Background

Primary cardiac neoplasms are extremely rare, with an autopsy incidence of 0.0001–0.003% [1]. Approximately, 90% cases of primary cardiac angiosarcoma occur in the right atrium, while less than 5% occur in the left atrium or ventricles. Lung metastasis from angiosarcoma derived from the right atrium often demonstrates a halo sign on thoracic CT. However, few reports have described the pathological analysis of halo signs from the perspective of the fragility of the lung tissue where the tumor invaded, which caused hemoptysis. Herein, we report a case of primary angiosarcoma with multiple halo signs on thoracic CT, successfully diagnosed using transcatheter endomyocardial biopsy with pathological analysis of halo signs.

Case presentation

A 38-year-old healthy Japanese man from China was admitted to our hospital (day 1); thoracic computed tomography (CT) revealed abnormal lung lesions. The patient was a former smoker (two pack-years) with no history of illicit drugs use or dust exposure. Three months before admission, he had two episodes of loss of consciousness in China; however, echocardiography and head CT showed no abnormal findings. Two months previously, he noticed hemoptysis and experienced dyspnea. Immediately after he returned to Japan, thoracic CT (Fig. 1a, coronal view) evaluation was performed at a local hospital that demonstrated multiple scattered nodules, most of which were surrounded by ground-glass opacities (GGO), the so-called “halo signs,” which were located on the outer side of the lungs (Fig. 1b, c), suggesting hematological spread.

Fig. 1
figure 1

Thoracic computed tomography (CT) scan. a Coronal view of thoracic CT performed 2 months before admission demonstrates multiple scattered nodules with ground-glass opacities, the so-called “halo sign.” b, c Axial views of thoracic CT demonstrates “halo signs” located on the outer side of the lung, suggesting hematological spread

The patient’s vital signs were as follows: blood pressure, 108/60 mmHg; body temperature, 36 °C; respiratory rate, 18 breaths/min; tachycardia (heart rate, 108 beats/min); and hypoxemia (blood oxygen saturation using pulse oximetry of 89% on ambient air). Physical examination revealed conjunctival rim pallor and coarse crackles in the early to mid-inspiratory phase in both the lung fields.

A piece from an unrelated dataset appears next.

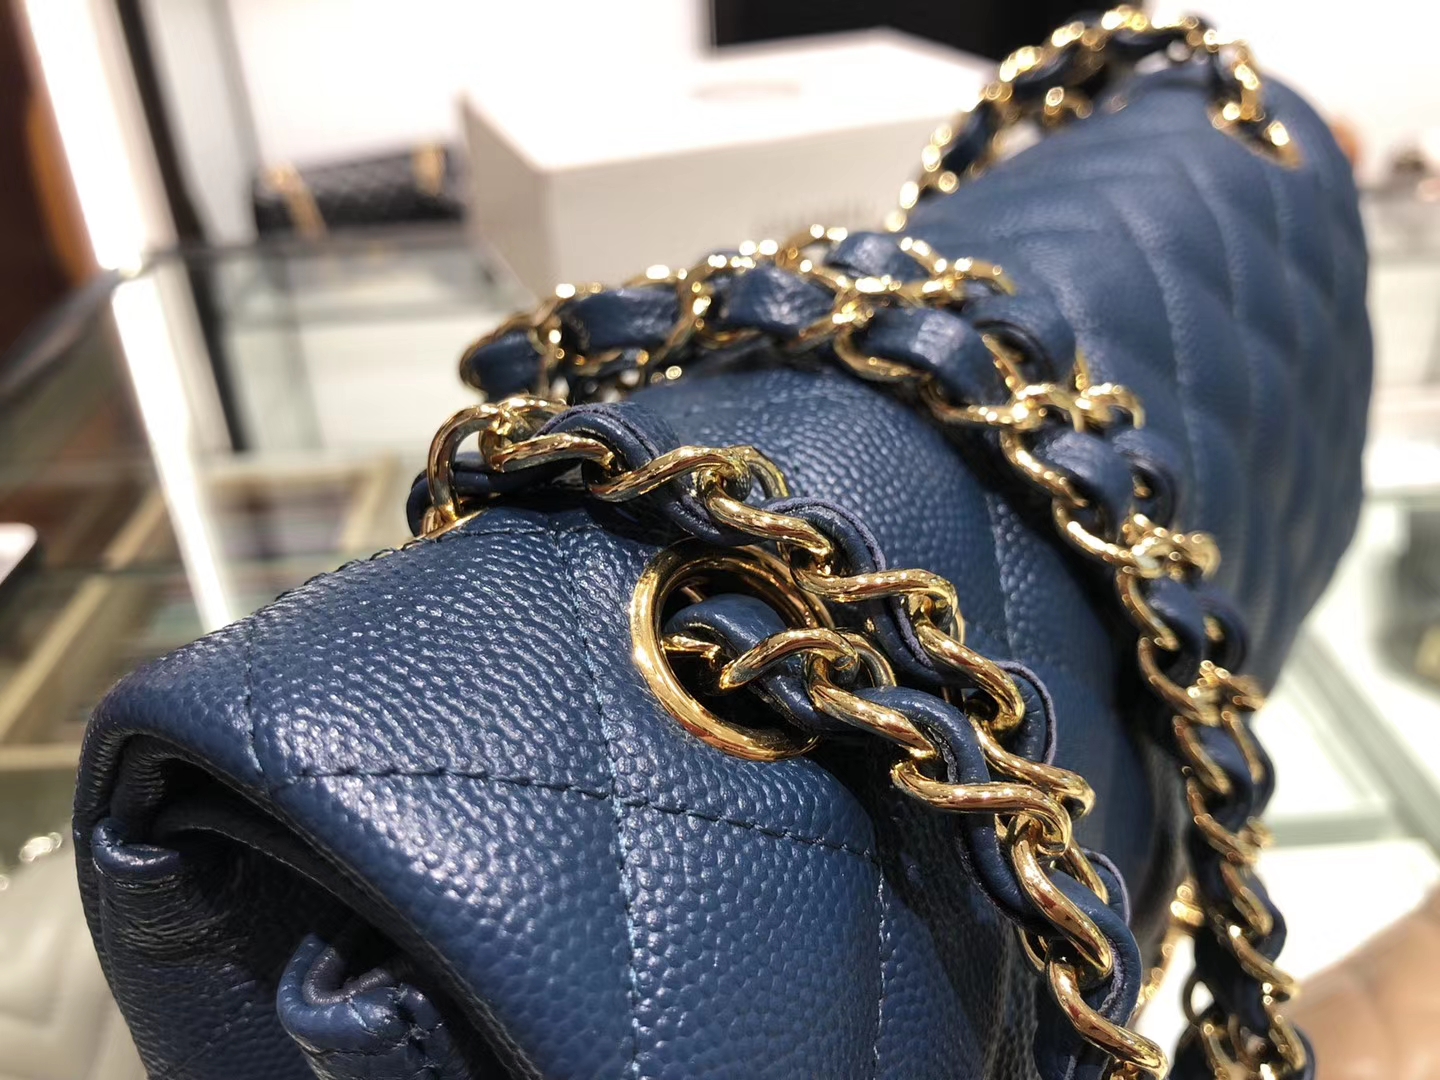 Chanel（香奈儿）cf # 链条包 藏蓝 细球纹 金扣 金链 25cm

Serum laboratory data showed severe anemia with a hemoglobin level of 5.6 g/dL, mild or moderate elevation in white blood cell counts of 11,700/µL, and C-reactive protein level of 10.2 mg/dL. On admission, chest radiograph (Fig. 2a) showed non-segmental bilateral lung infiltration predominantly seen in the right-sided middle to lower lung fields. Non-enhanced thoracic CT simultaneously showed non-segmental consolidation in both the lung lobes with scattered multiple nodules (Fig. 2b), but no apparent lymphadenopathies were noted. Serum data for Aspergillus galactomannan, Cryptococcus antigen, and T-SPOT tests were negative. No pathogens were isolated from sputum. Further, myeloperoxidase anti-neutrophil cytoplasmic antibodies and serine proteinase 3-anti-neutrophil cytoplasmic antibodies were also negative. Furthermore, none of the serum tumor marker, such as carcinoembryonic antigen, sialyl Lewis X-i antigen, α-fetoprotein, or human chorionic gonadotropin, was elevated.

Fig. 2
figure 2

Chest radiograph and thoracic computed tomography (CT) on admission. a Chest radiograph on admission shows non-segmental bilateral lung infiltrations, predominantly in the right-sided middle to lower lung fields. b Non-enhanced thoracic CT shows non-segmental consolidation with ground-glass opacities or multiple scattered nodules in both the lung lobes. c Contrast-enhanced thoracic CT reveals a filling defect in the right atrium (black asterisks). d Enhanced electrocardiogram-gated cardiac CT reveals an inhomogeneously enhancing tumor in the right atrium (white asterisks)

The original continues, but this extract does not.